Chant XVII, verset 121
Dessin de Gustave Doré, gravure sur bois de Bonnet Dupeyron.
Planche hors texte imprimée dans L'Enfer de Dante Alighieri, avec les dessins de Gustave Doré. Traduction française de Pier-Angelo Fiorentino, accompagnée du texte italien.

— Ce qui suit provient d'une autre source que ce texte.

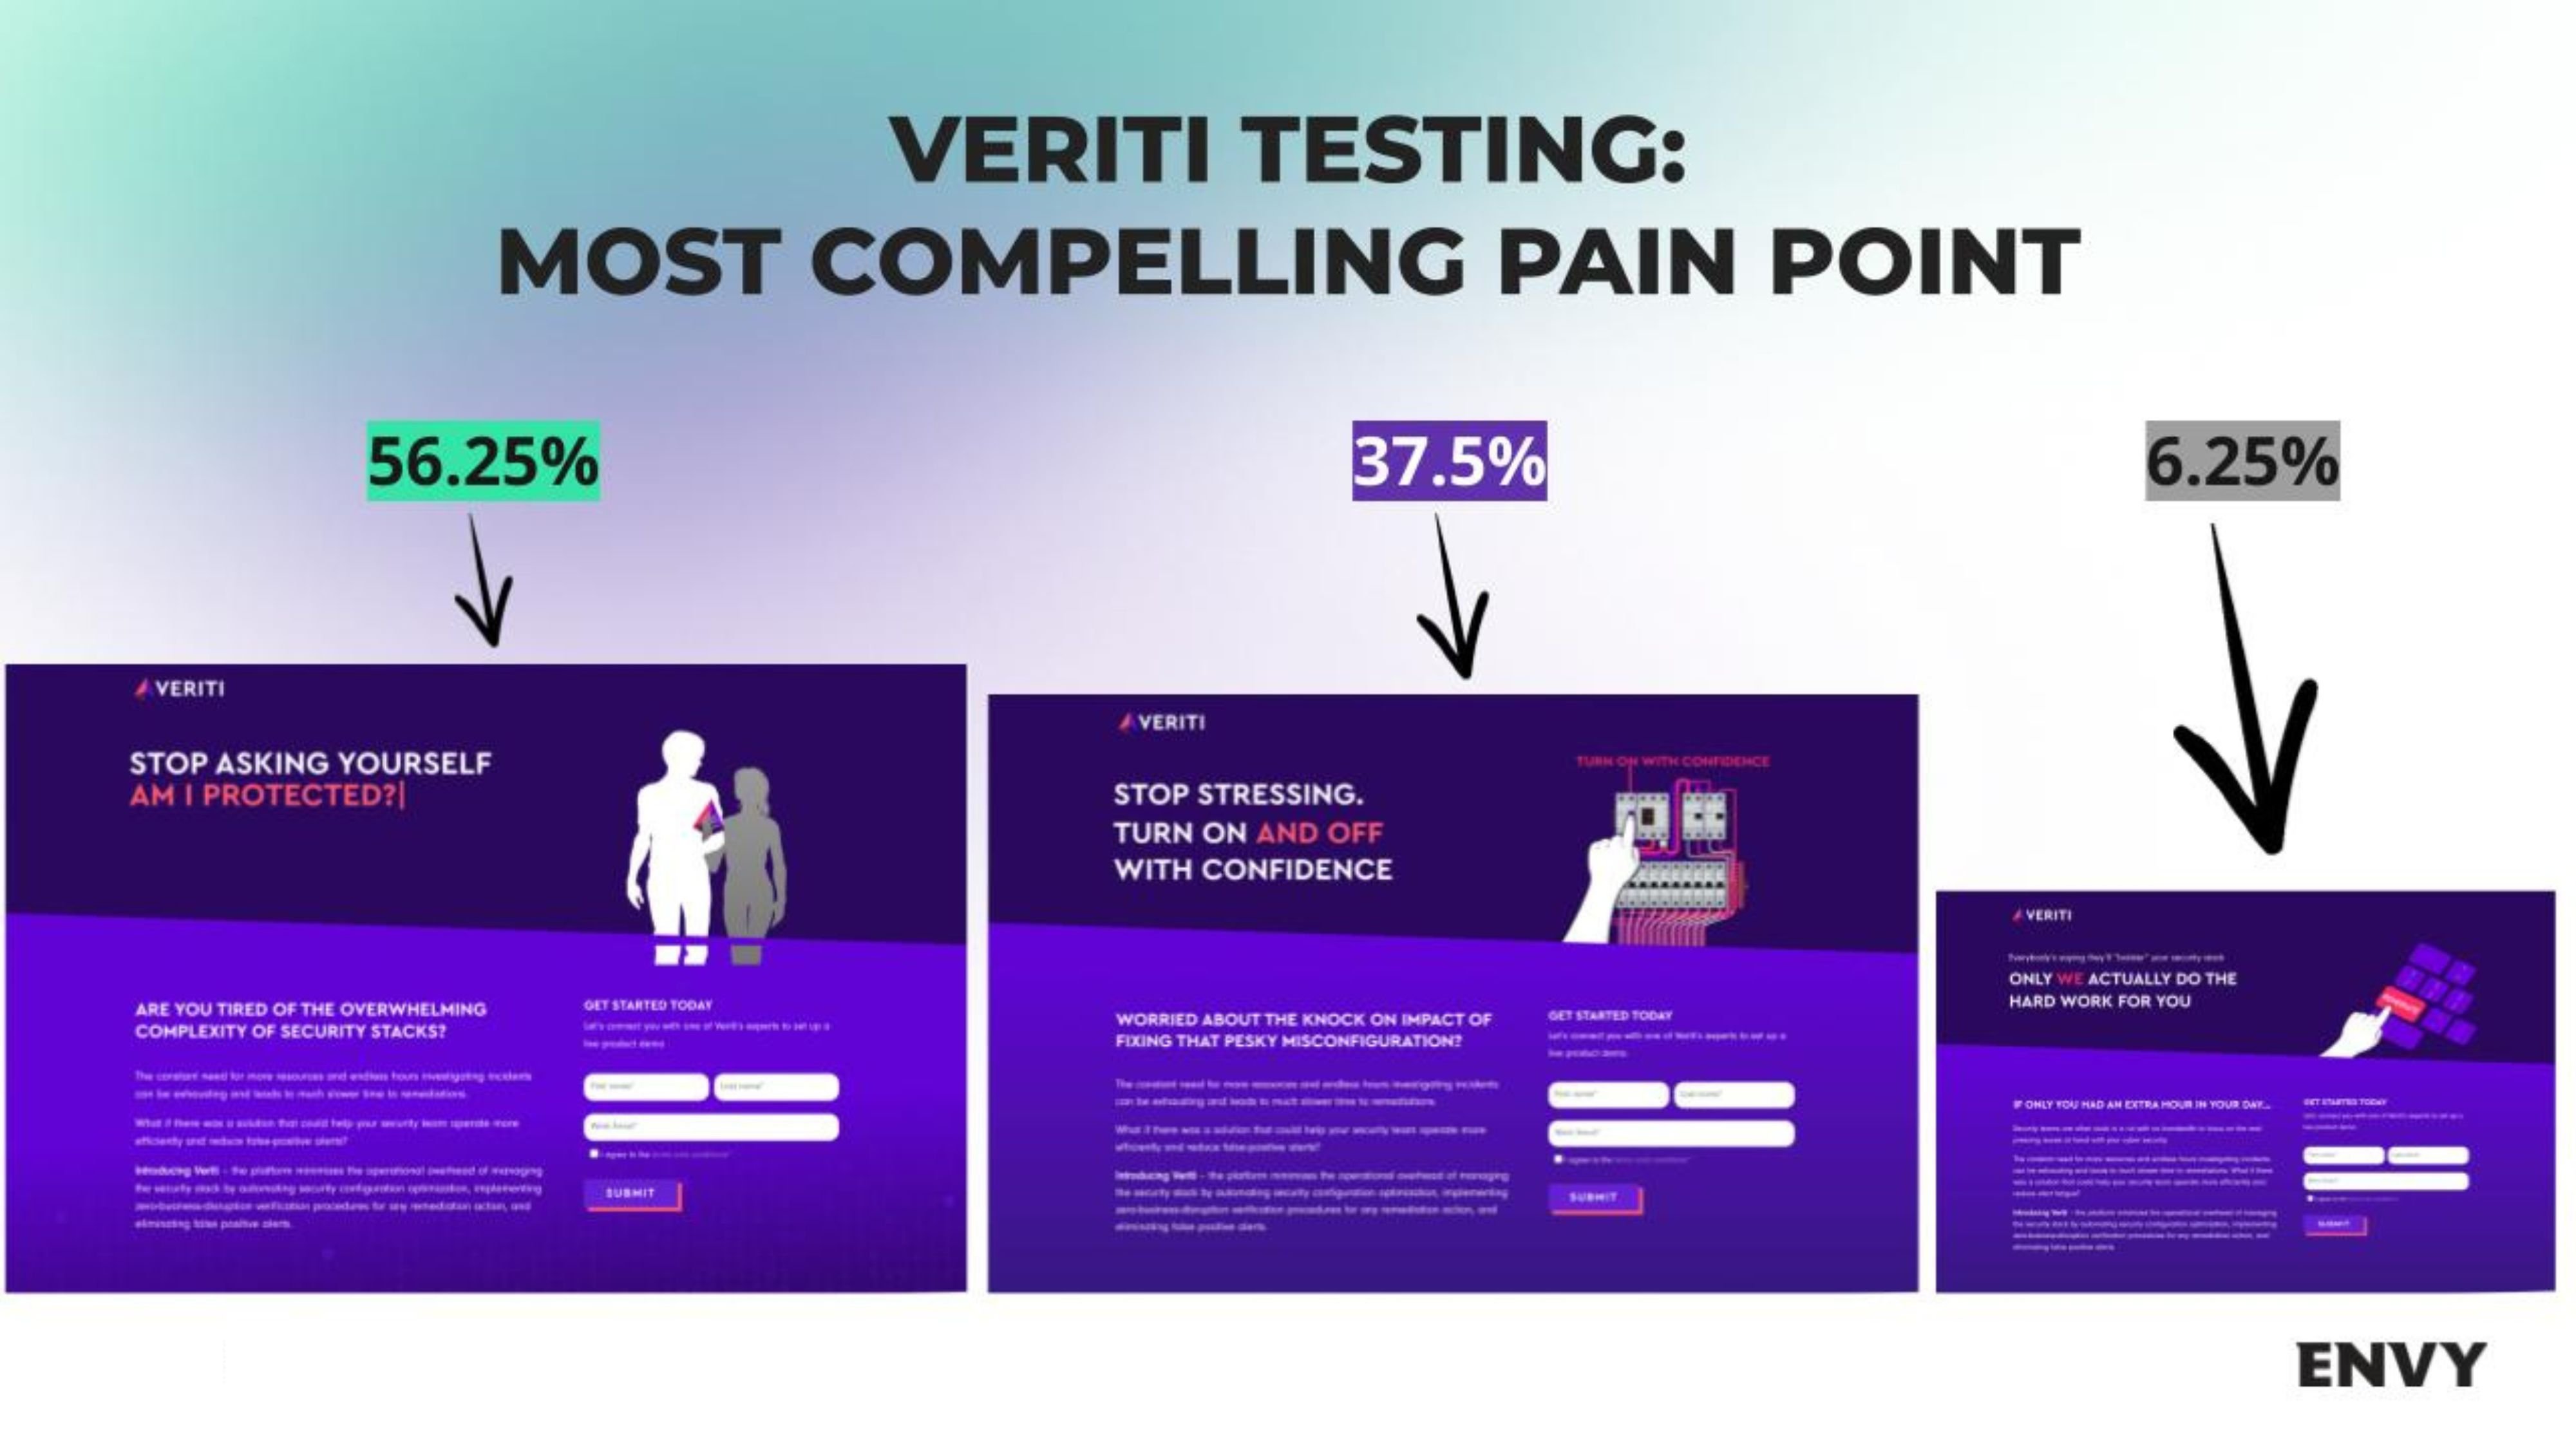 Our client, Veriti, tested their messaging through Wynter to get to the most compelling pain point

Louis Hachette (Paris), 1861, p. 88.
BnF, Réserve des livres rares, Smith Lesouëf R-6277
© Bibliothèque nationale de France
« Ils ne furent pas saisis d'une plus grande peur que moi, lorsque je me trouvai suspendu dans l'air sans voir autre chose que la bête. Elle s'en va nageant lentement, lentement tourne et descend ; mais je ne m'en aperçois qu'au vent qui me frappe et de front et par-dessous. Et déjà j'entendais le torrent mugir avec un terrible fracas au-dessous de nous, à droite ; c'est pourquoi je penchai la tête et regardai en bas. Alors ma terreur redoubla à l'aspect de l'abime ; car je vis des feux et j'entendis des pleurs, et, tout tremblant, je me ramassai sur moi-même. Et je compris alors, aux grandes douleurs qui s'approchaient de toutes parts, ce que je n'avais pas compris auparavant, que je tournais et que je descendais. »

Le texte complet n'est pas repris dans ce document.